Ashley and her classmate Win, both students in the Deafblind Program at Perkins School for the Blind, spend every Monday morning volunteering at the shelter in Sudbury, Massachusetts. They feed and water the animals, wash dishes, clean litter boxes and replace soiled newspaper in cages – all with little to no assistance.

“They immediately pick up whatever we have them do,” said Donna DeWallace, Buddy Dog’s director of volunteer services. “It’s great – we enjoy them and they’ve been a huge help.”

Perkins students have been volunteering at Buddy Dog for more than a decade as part of their vocational training. Experiencing work first-hand helps students who are blind or deafblind develop job skills and learn about future employment opportunities.

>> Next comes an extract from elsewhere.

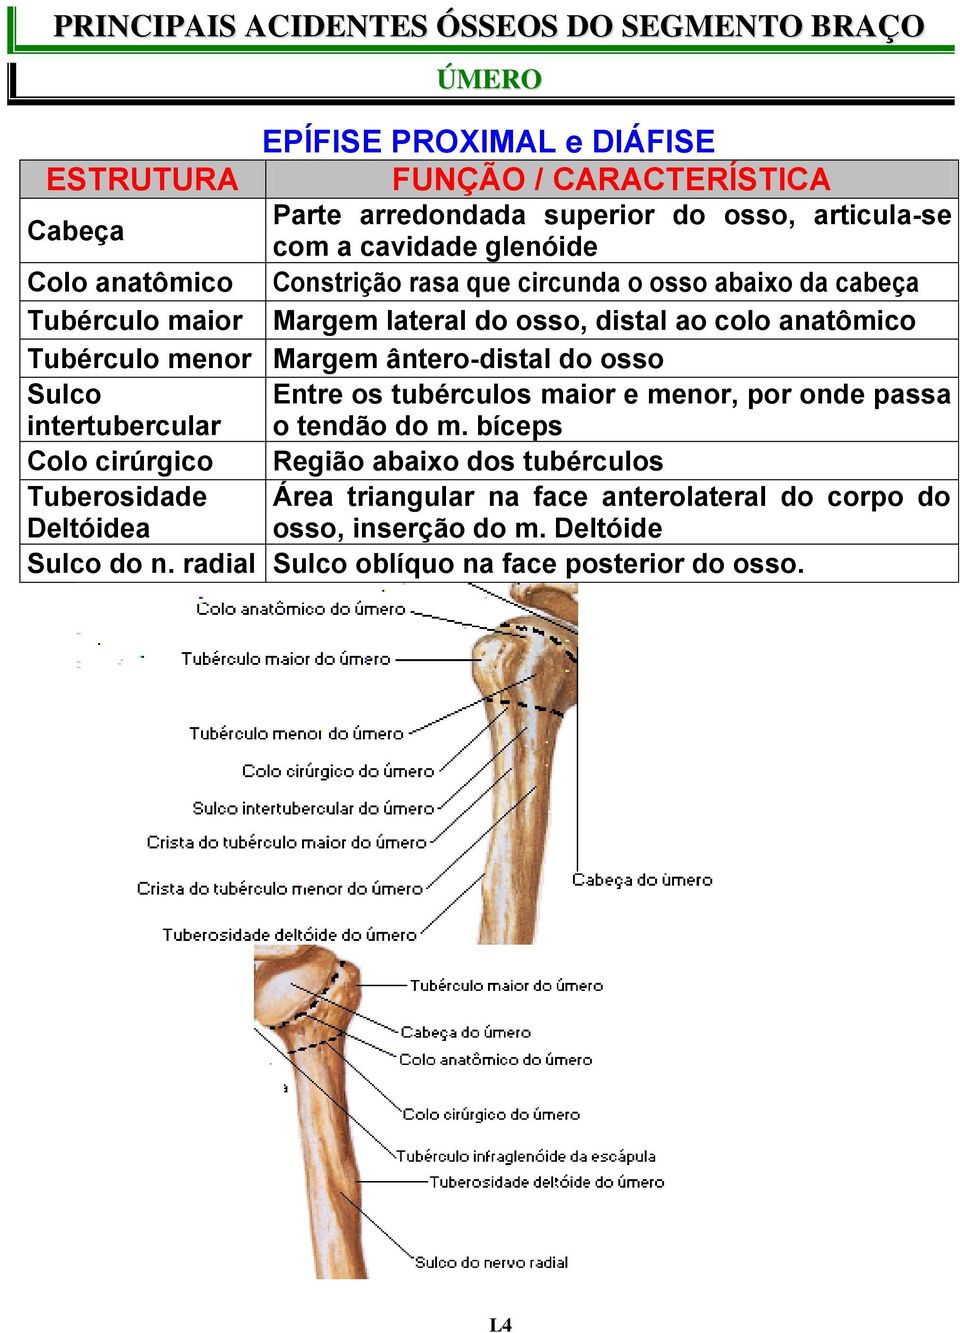 menor Margem ântero-distal do osso Sulco Entre os tubérculos maior e menor, por onde passa intertubercular o tendão do m.

“A lot of it is learning the difference between an interest and a job,” said Job Coach Adam Pulzetti, who accompanies students to job sites. “Ashley doesn’t love cats, they’re not her preferred animals, but she’ll fill the bowls because it’s her job – that’s what she’s here to do.”

In June, Ashley will graduate from Perkins with a wealth of job experience. In addition to her work at Buddy Dog, she’s held positions at Codman Community Farms, Russo’s Market and Petco. In each placement, she’s become more comfortable interacting with supervisors and working independently.

“It’s been a great confidence builder for her,” said Pulzetti. “She’s now able to ask, ‘What do you want me to do next?’ or she’ll say, ‘I finished the cat bowls, now I’m going to see if so-and-so needs to go for a walk.’”

Ashley is nonverbal and uses sign language to communicate with Perkins staff and classmates. DeWallace doesn’t sign, so the two communicate by typing messages on an iPhone with the screen magnification turned on.

On a recent Monday, Ashley holds the phone close to her face and types out a question: “What can I do now?”

DeWallace suggests taking one of the shelter dogs for a walk, and Ashley responds with a thumbs-up. A few minutes later, she and Lily, an 8-year-old Chihuahua, head out for some fresh air down a nearby path.

Volunteering at Buddy Dog has reinforced Ashley’s love of dogs, and she hopes to find a similar volunteer job after she leaves Perkins. In addition to feeding and exercising, she’s learned how to provide calming massages to shelter dogs who crave human interaction.

On this particular morning, Findley and Bentley are the lucky recipients of Ashley’s attention. The 1-year-old terrier and 2-year-old pug beagle mix wrestle for space on her lap, tails wagging frantically. She slowly calms them down, petting their furry heads with a look of pure joy on her face. It’s clear that for Ashley, this part of her job doesn’t feel like work.